# Porte Cochere and Covered Walkways



## ArchATL (Oct 22, 2010)

I have an assisted living facility, I-1, 2006 IBC, type VA. We have designed the covered walkways outside the building and the porte cochere so that they do not attach to the building (free standing). Do we need to protect the steel 1-hour supporting the roof per Table 601? Do they need to be sprinklered?


----------



## cda (Oct 22, 2010)

My favorite subject with my boss

I say sprinkle them all

My boss says if they are not connected no

But he has no separation distance, so it could be six inch separation and no sprinklers

That is why I say sprinkle them all

Do not know about steel protection

Have you asked the ahj thier policy to sprinkle???


----------



## Yankee (Oct 22, 2010)

I'd say if within 5 feet, then sprinkler them


----------



## Dr. J (Oct 22, 2010)

NFPA 13 is very specific that non-combustible covered walkways and porte-cocheres do not have to be sprinklered.

8.15.7 goes through great pains to exempt non-combustible, limited combustible, or FRTW construction, and keeps on going about how to exempt combustible construction as well.

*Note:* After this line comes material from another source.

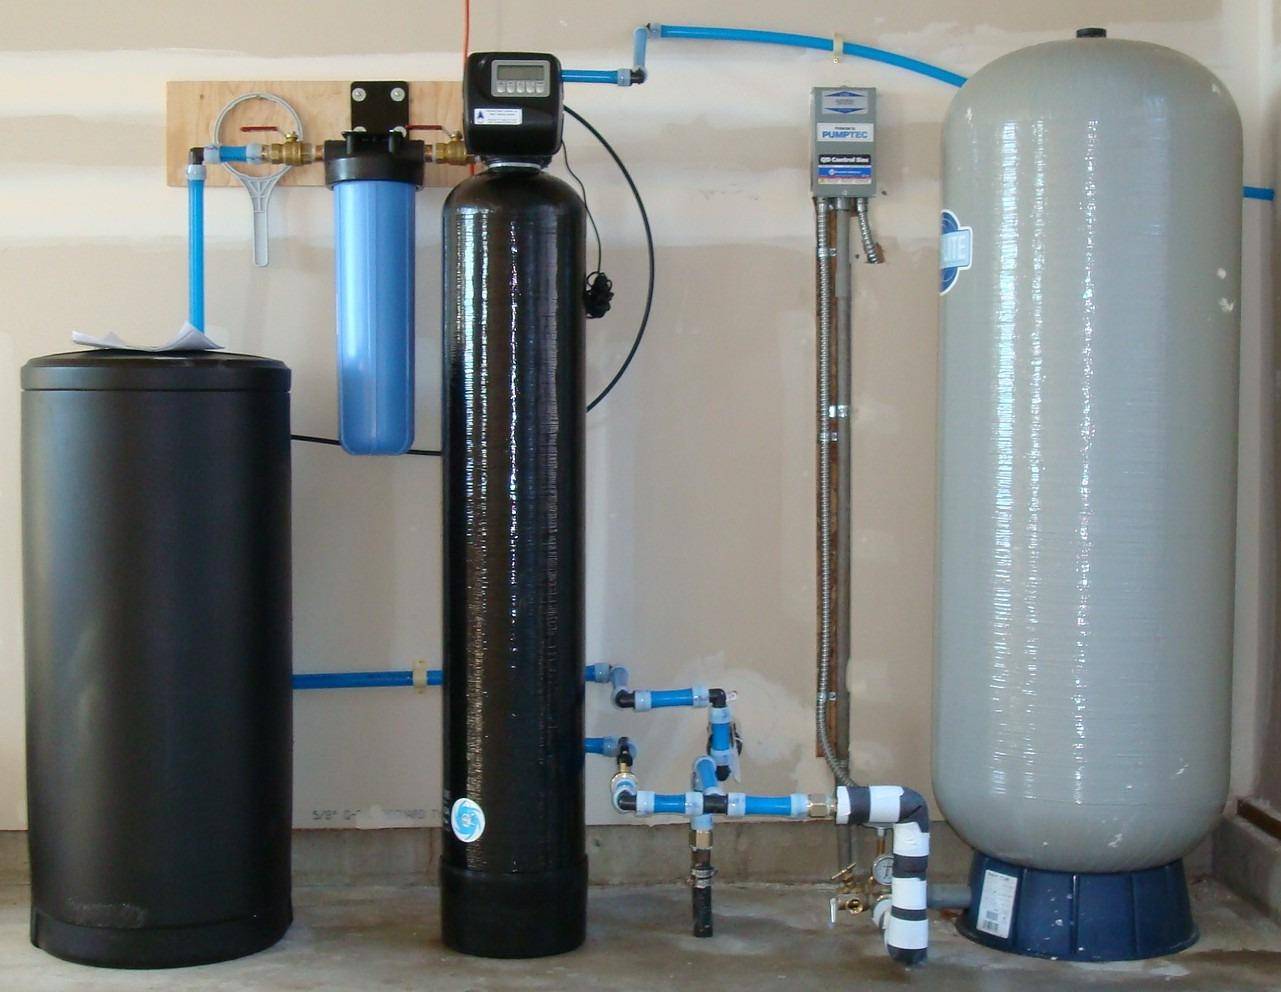 Фильтр для очистки воды: как выполнить обезжелезивание в скважине своими руками?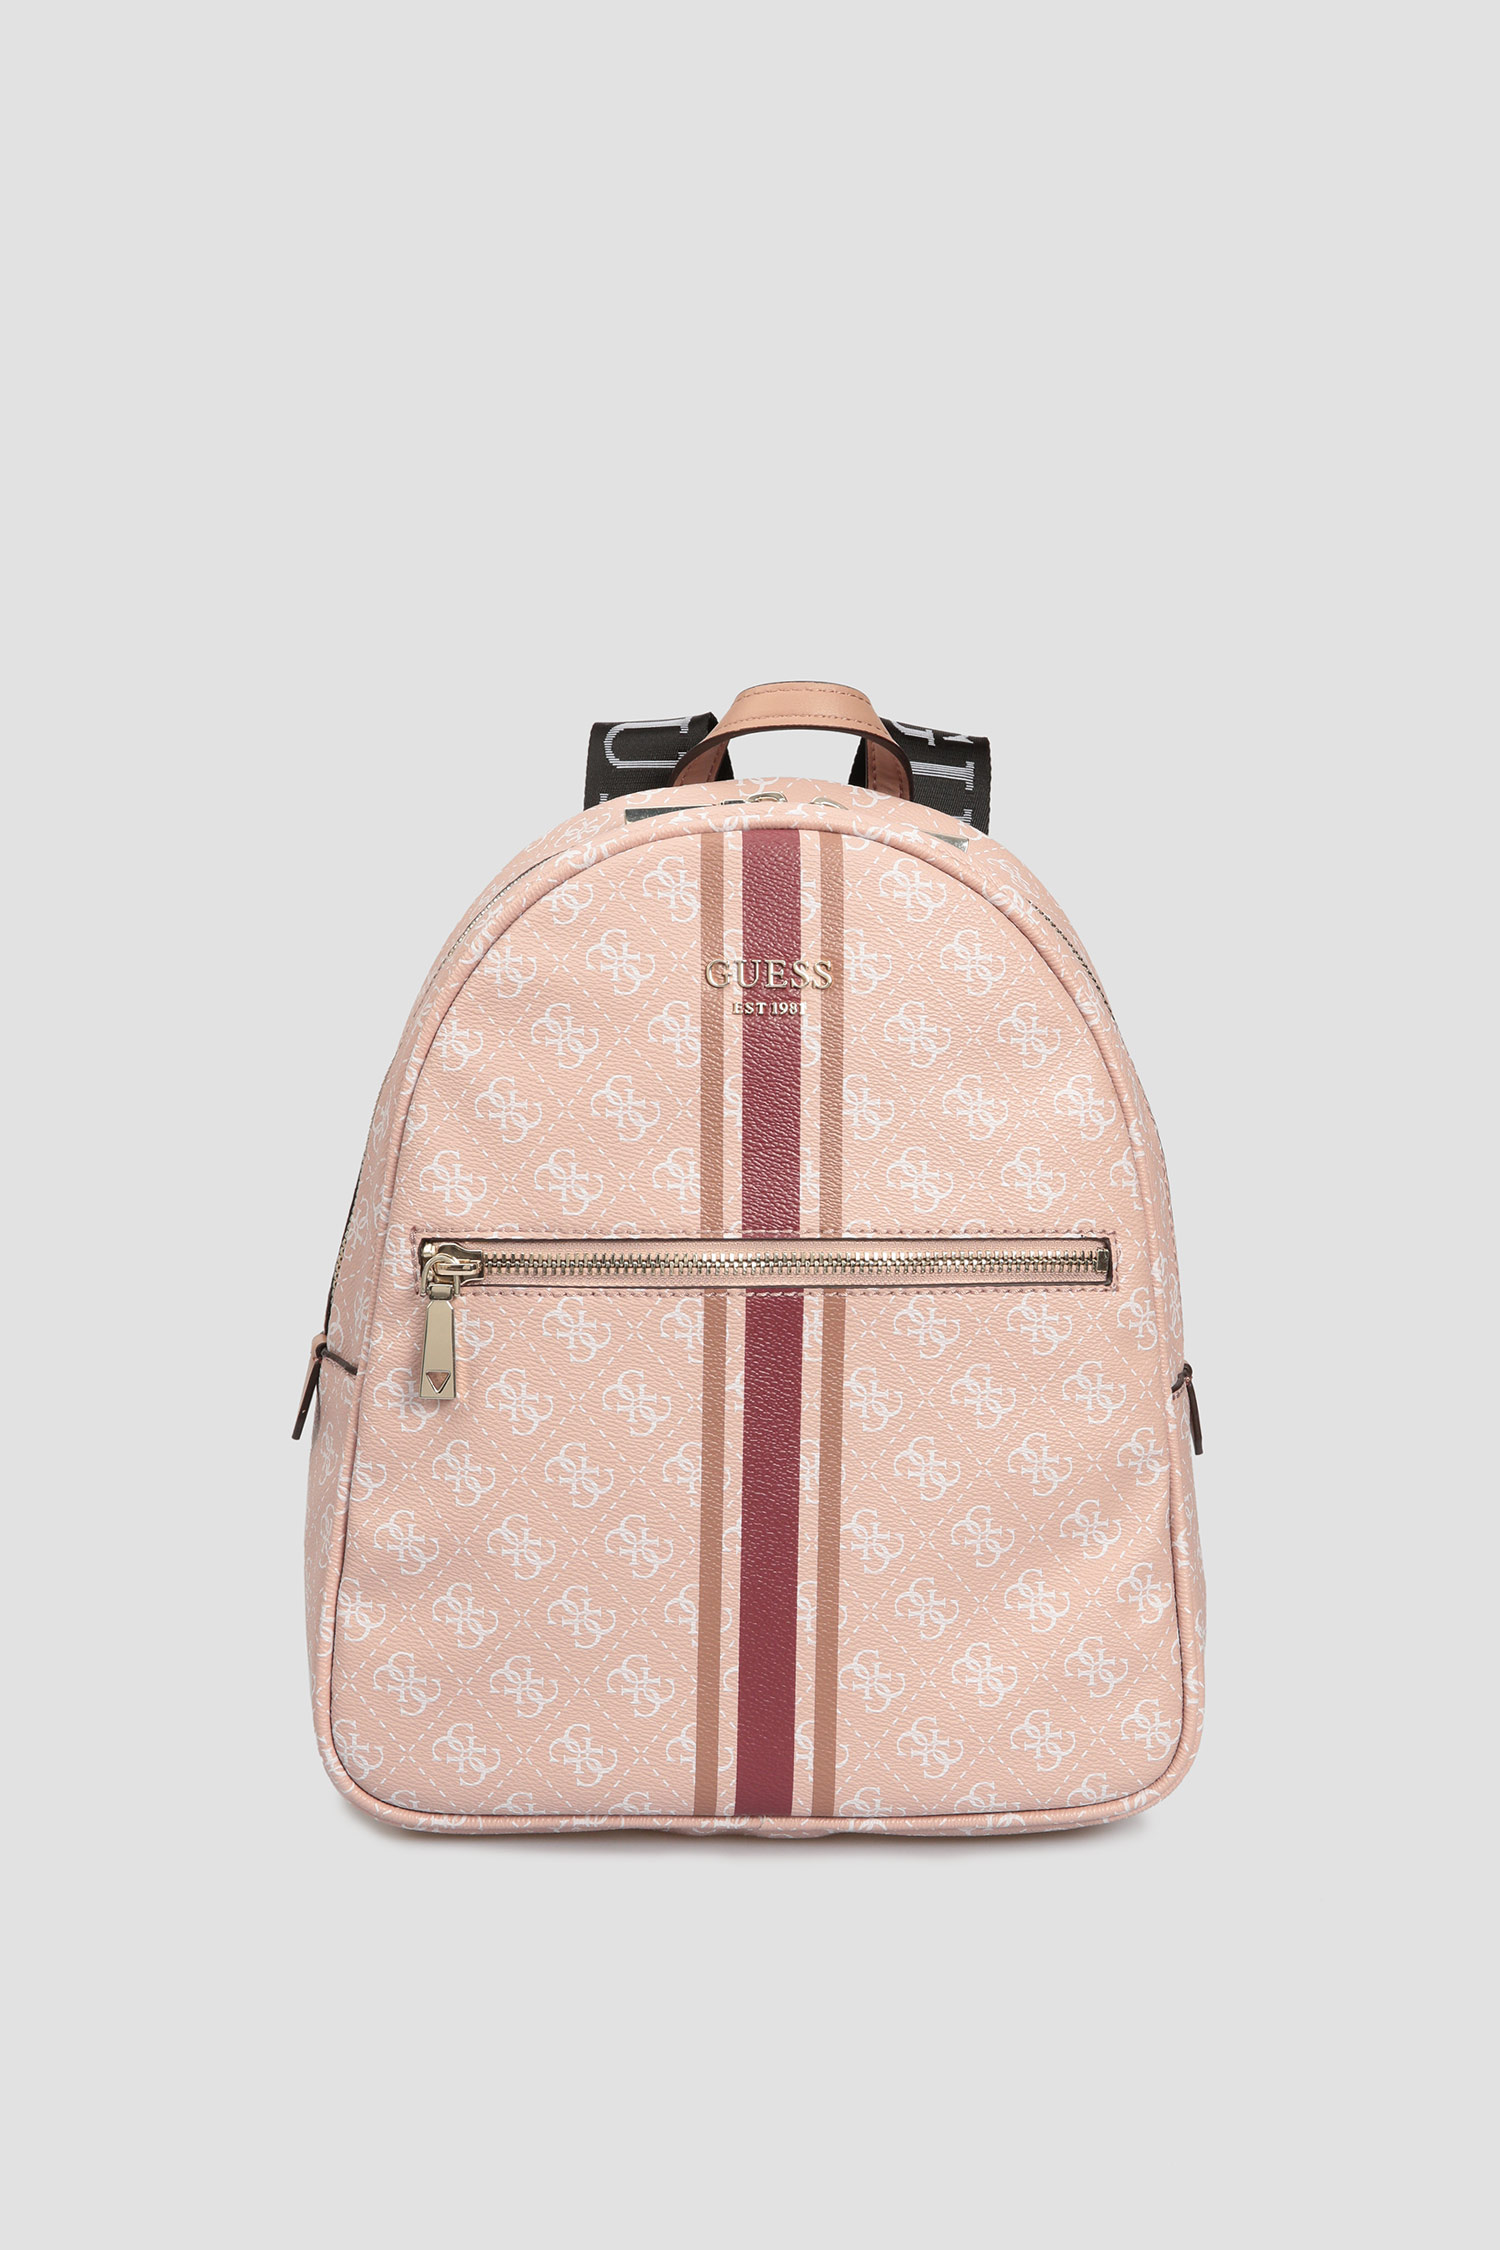 Пудровый рюкзак с узором для девушек Guess HWSS69.95320;ROS

The part that freaks people out is: _8.15.7.5*  Sprinklers shall be installed under roofs, canopies, or porte-cocheres over areas where combustibles are stored and handled._

However the annex notes are quite clear:

_A.8.15.7.2  Vehicles that are temporarily parked are not considered storage. Areas located at drive-in bank windows or porte-cocheres at hotels and motels normally do not require sprinklers where there is no occupancy above, where the area is entirely constructed of noncombustible or limited-combustible materials or fire retardant treated lumber, and where the area is not the only means of egress. However, areas under exterior ceilings where the building is sprinklered should be protected due to the occupancy above._

_A.8.15.7.5  Short-term transient storage, such as that for delivered packages, and the presence of planters, newspaper machines, and so forth, should not be considered storage or handling of combustibles._

8.15.7.5 is meant for loading docks.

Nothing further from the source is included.